= Blue Stockings (play) =

2013 play exploring feminist issues in England in the late 19th Century

Blue Stockings is the first full-length play by Jessica Swale. It is set at Girton College, Cambridge in 1896. Its title refers to bluestockings, a derogatory term for female intellectuals. The action involves four very talented female undergraduates and the campaign to be allowed like their male colleagues to receive a formal degree qualification at the end of their studies.

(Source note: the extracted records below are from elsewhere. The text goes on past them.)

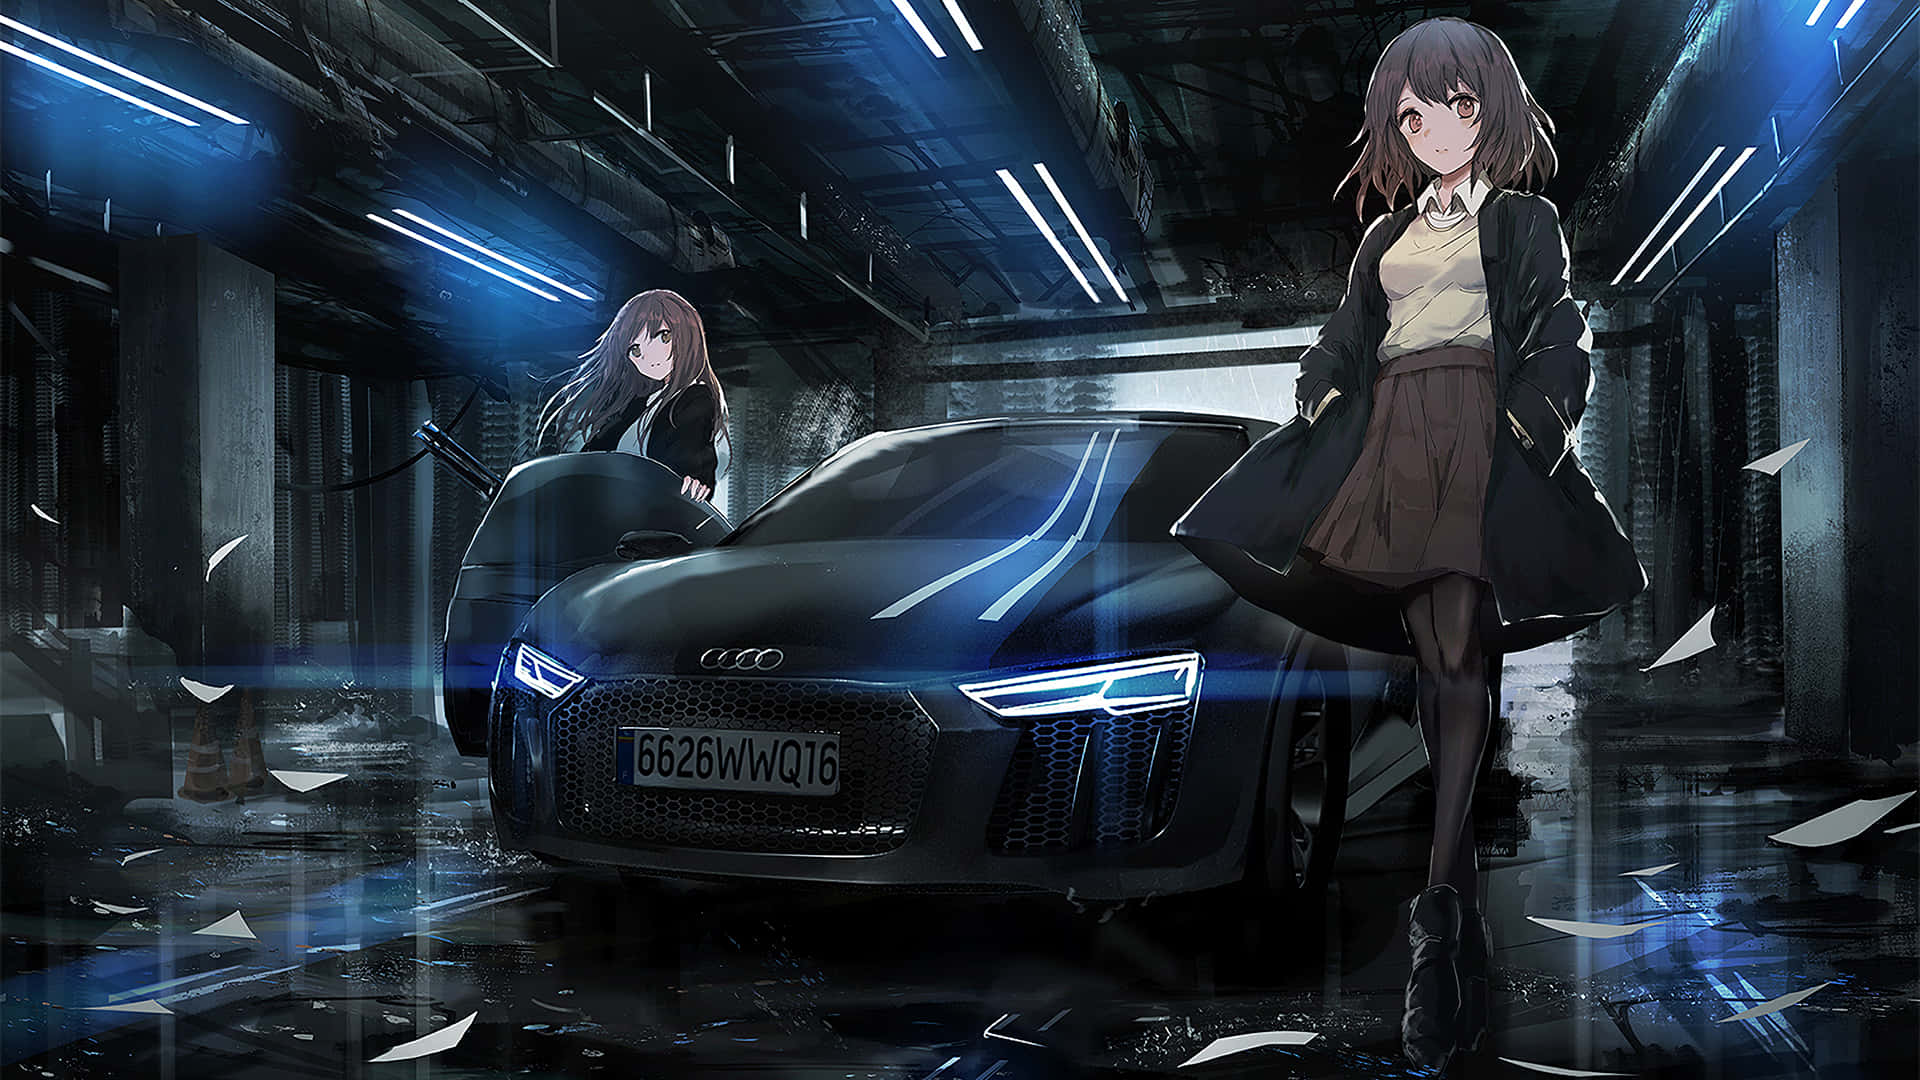 Two Anime Girls Standing Next To A Car
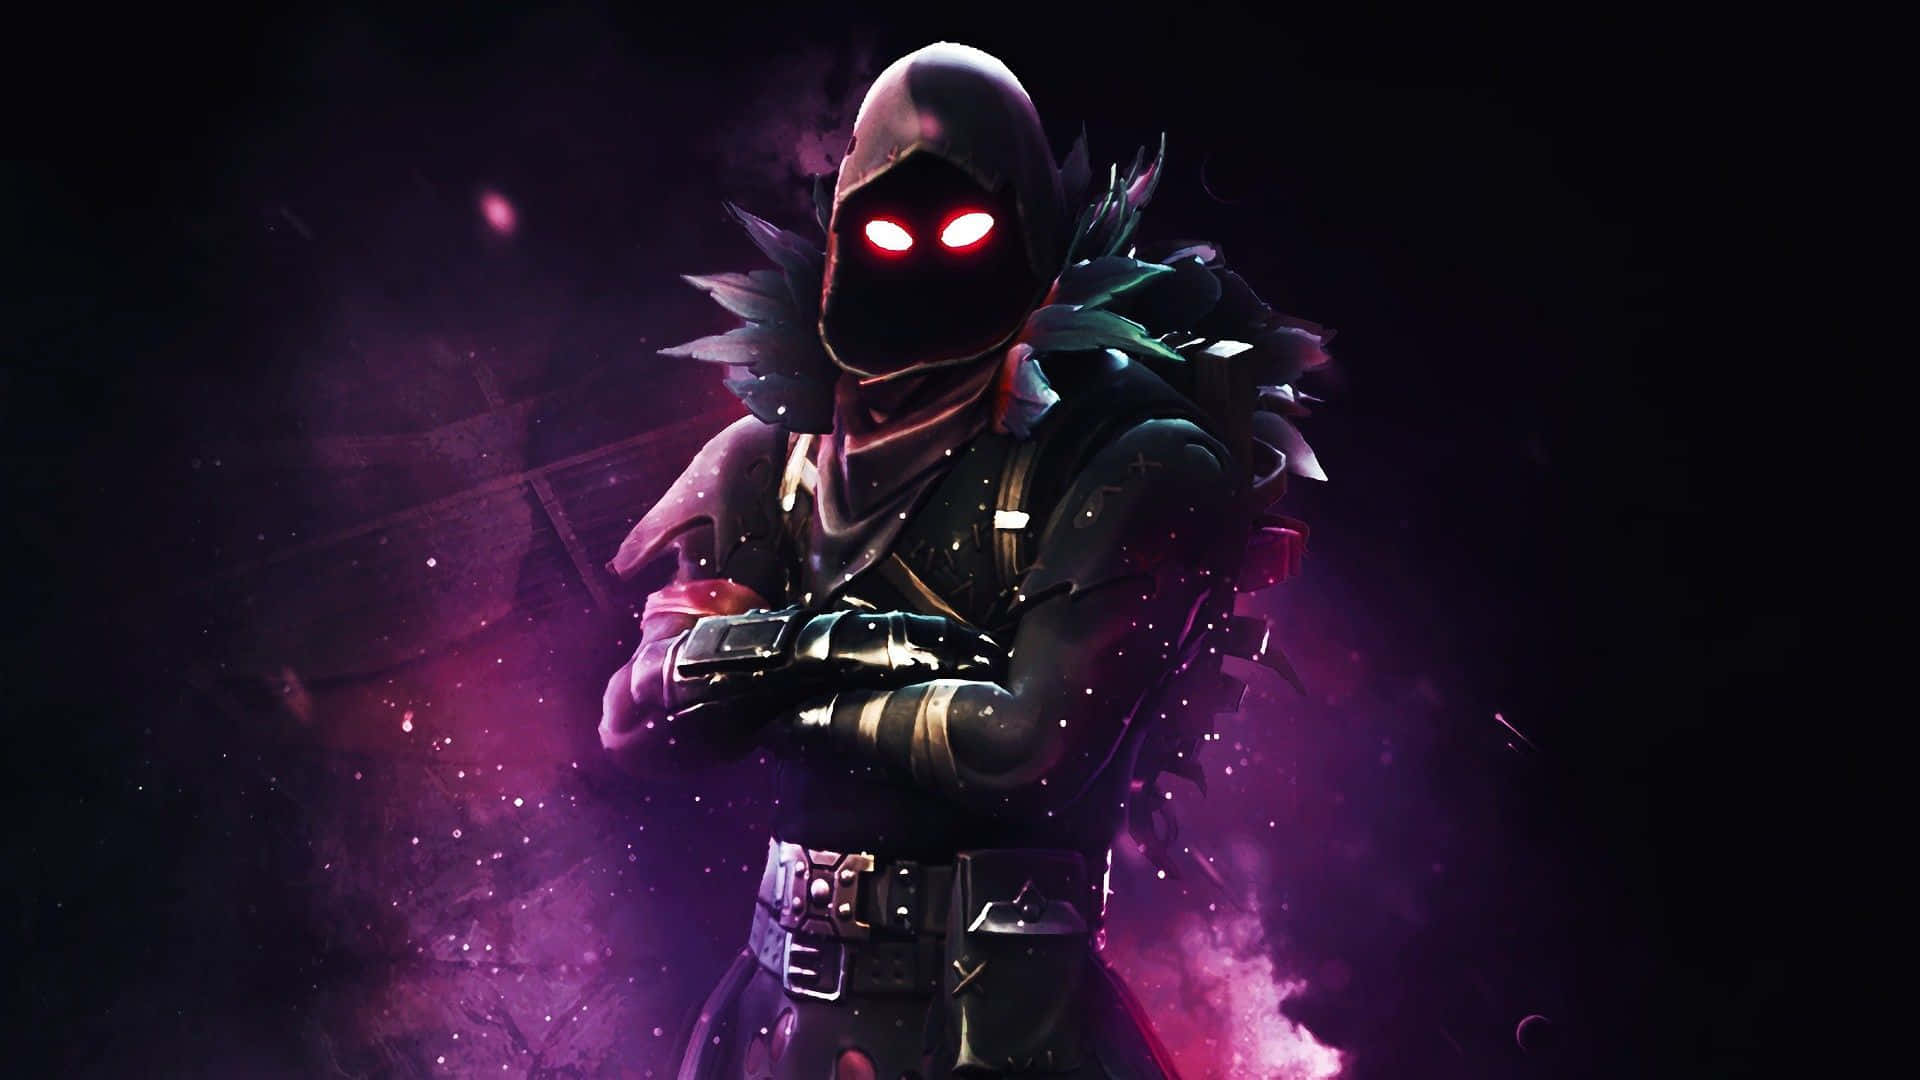 Fortnite's' New Raven Skin in Is a Fan Favorite for This Reason  Gaming  wallpapers, Best gaming wallpapers, Epic games fortnite
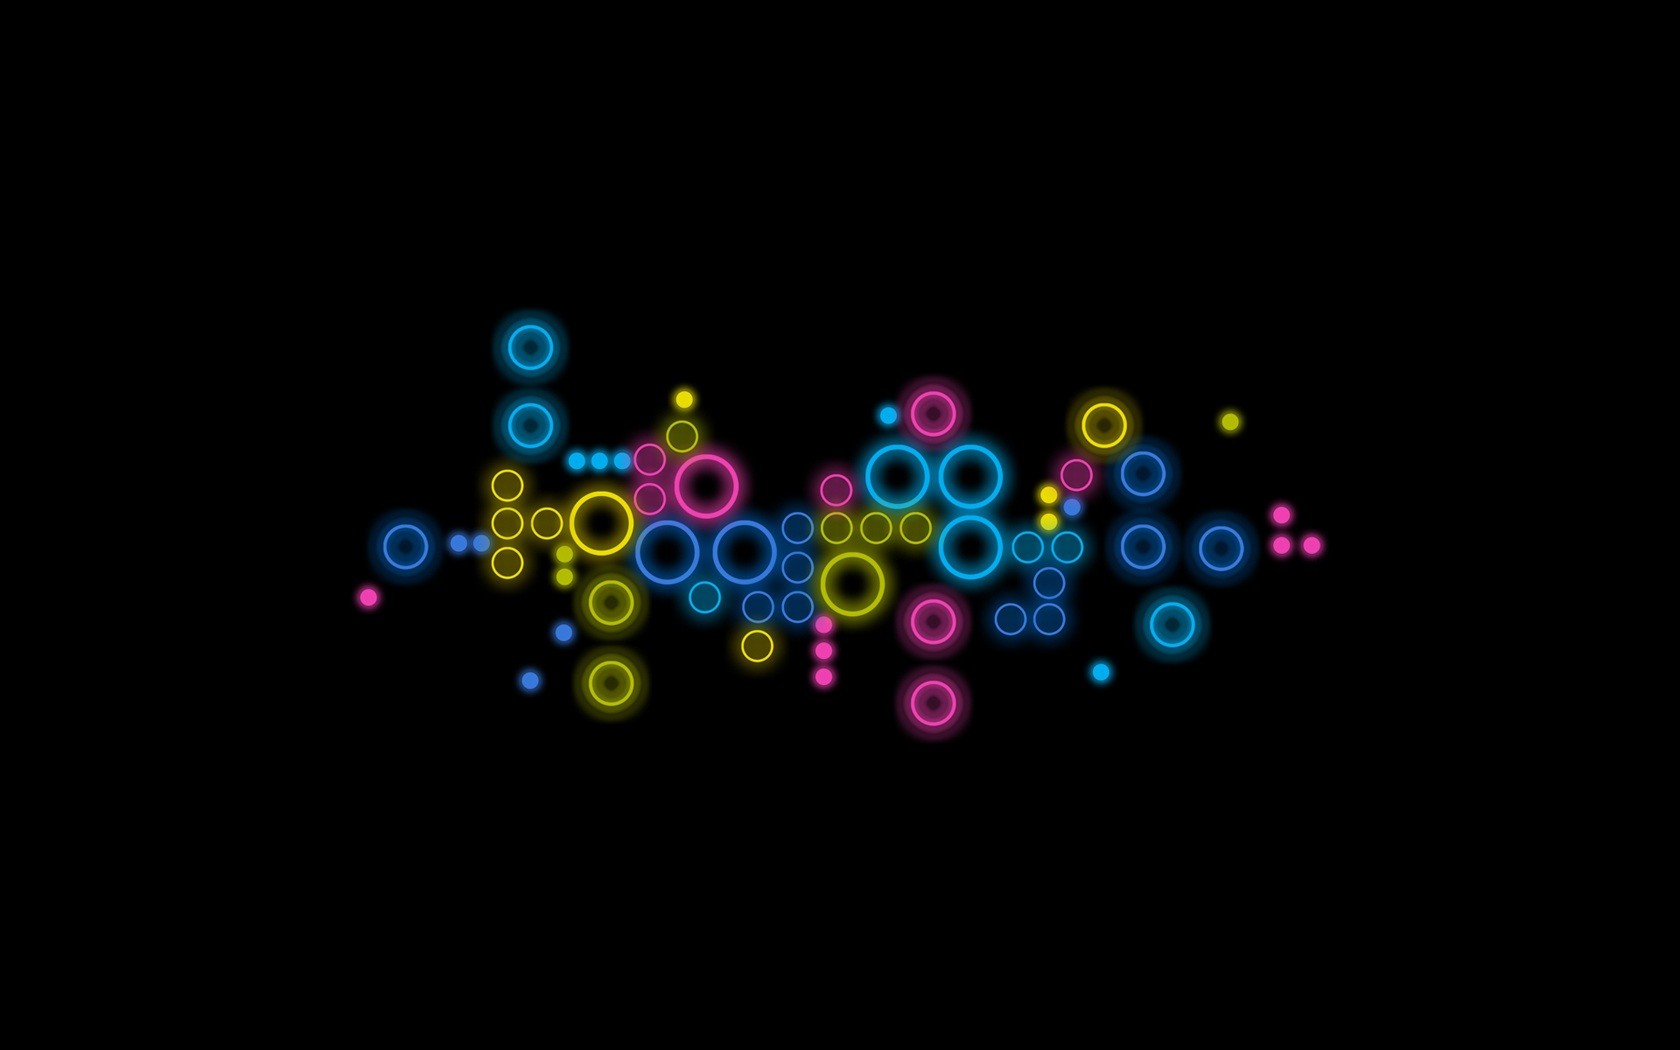 General 1680x1050 digital art minimalism colorful circle abstract simple background black background yellow blue pink

The play touches on some of the issues surrounding the feminist ideals of the late nineteenth-century New Woman including female bicycle-riding, equal education rights, sexual autonomy, and political enfranchisement.

The play was developed during 2012 at the National Theatre Studio and the Royal Academy of Dramatic Arts. Its first full production ran at Shakespeare's Globe from 24 August to 11 October 2013.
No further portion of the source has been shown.